**WHAT IS NEEDED:** Reproduce the listing below word for word, with no pictures.
DATASET CONTENT Block Start
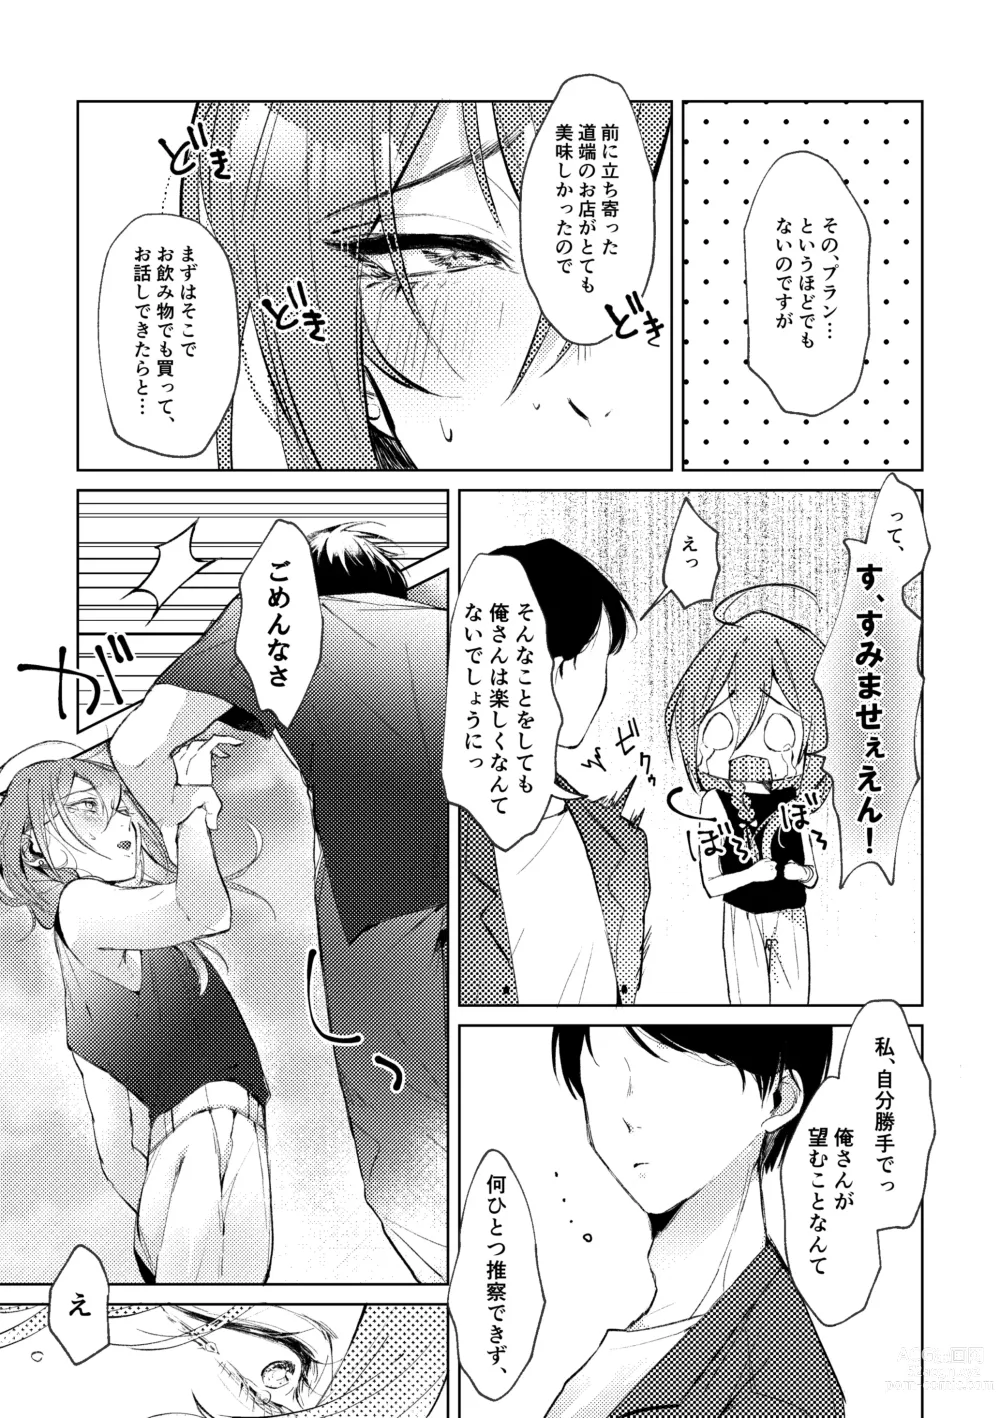 Page 8 of doujinshi Ore no Kanojo no Mayoi-kun.
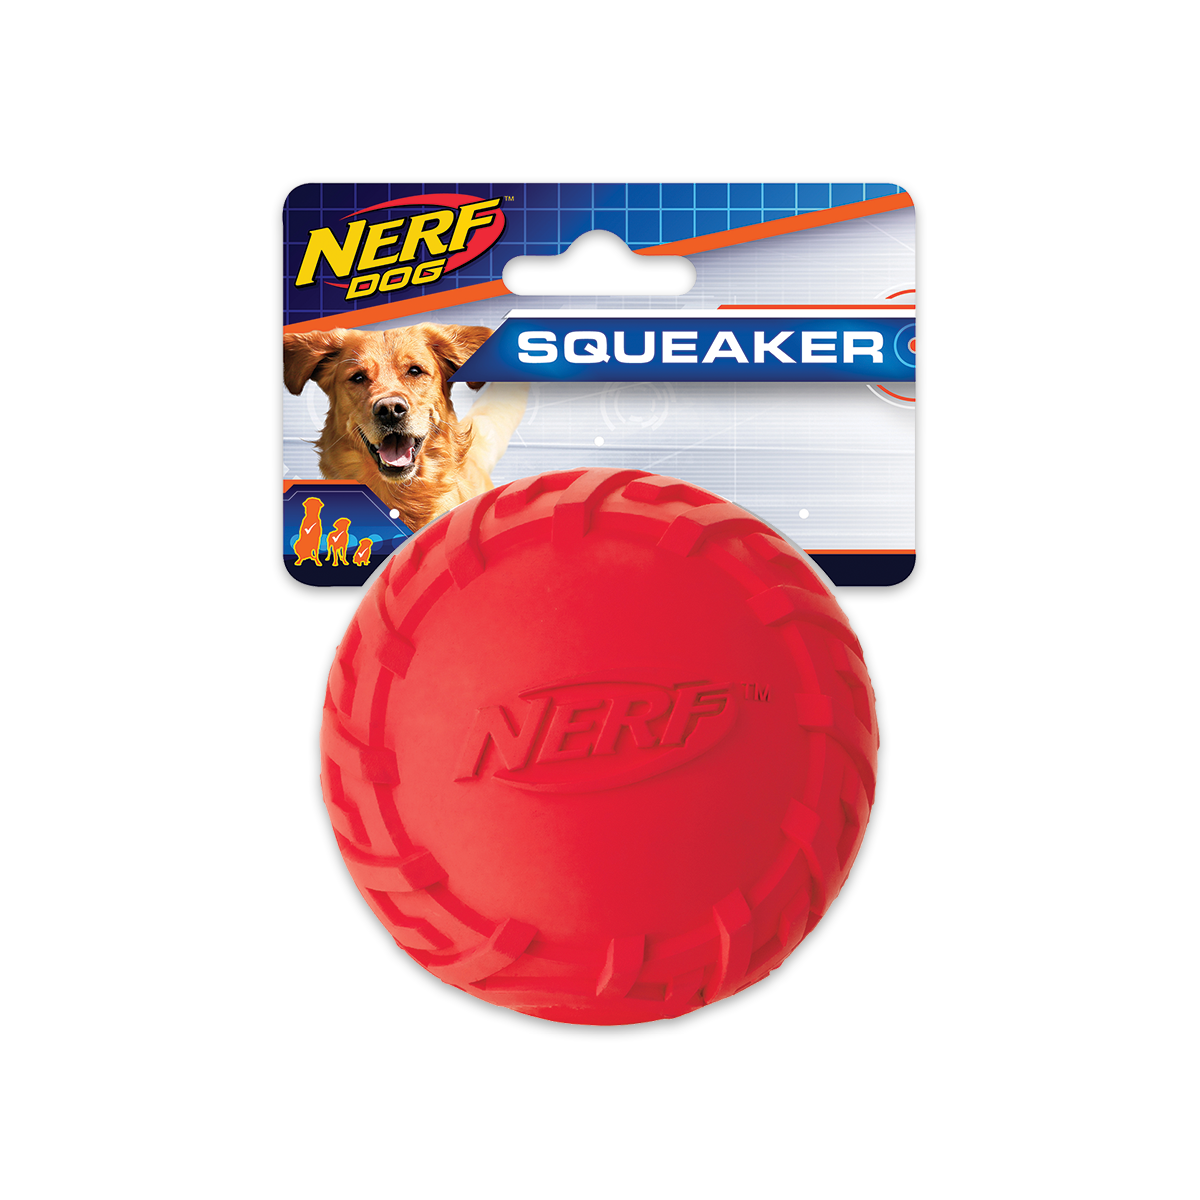 Nerf Dog Tire Squeak Ball, Medium เนิร์ฟด็อก ลูกบอลยางของเล่นสุนัข ขนาด 3 นิ้ว
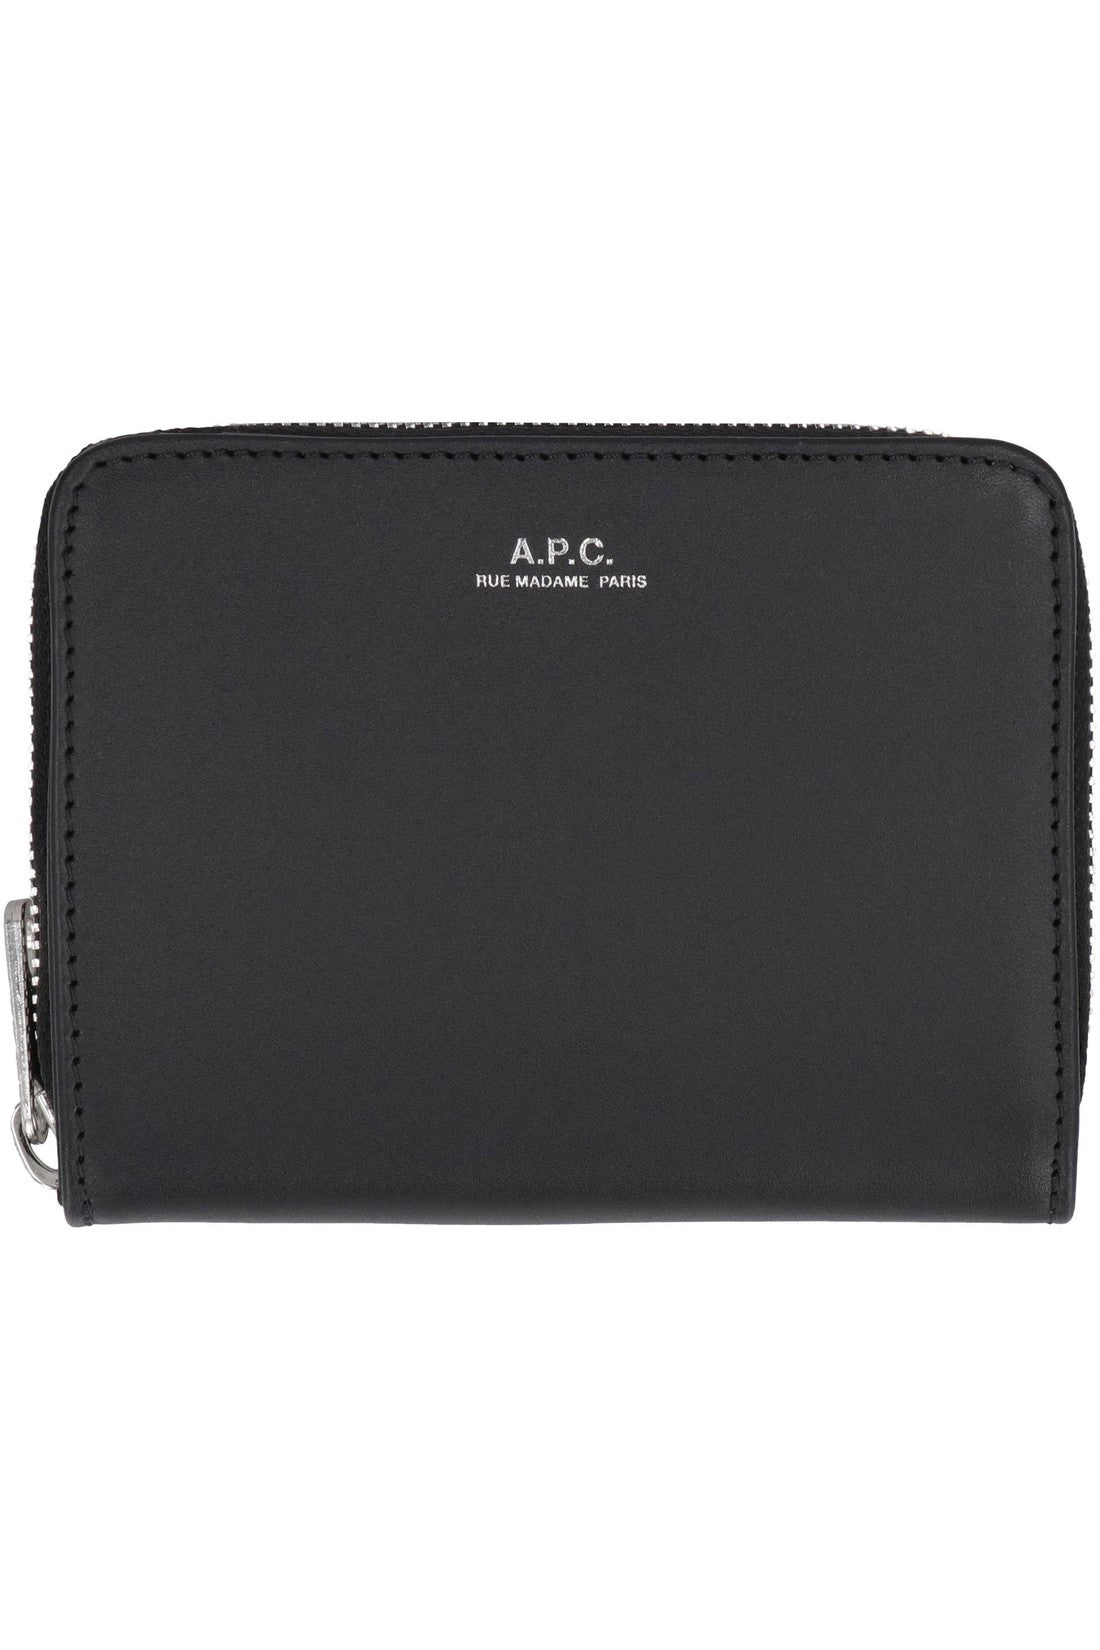 A.P.C.-OUTLET-SALE-Emmanuel leather wallet-ARCHIVIST
DATASET CONTENT Block End
**YOUR SOLUTION:**
 Page 8 of doujinshi Ore no Kanojo no Mayoi-kun.
 Nerf Dog Tire Squeak Ball, Medium เนิร์ฟด็อก ลูกบอลยางของเล่นสุนัข ขนาด 3 นิ้ว
 A.P.C.-OUTLET-SALE-Emmanuel leather wallet-ARCHIVIST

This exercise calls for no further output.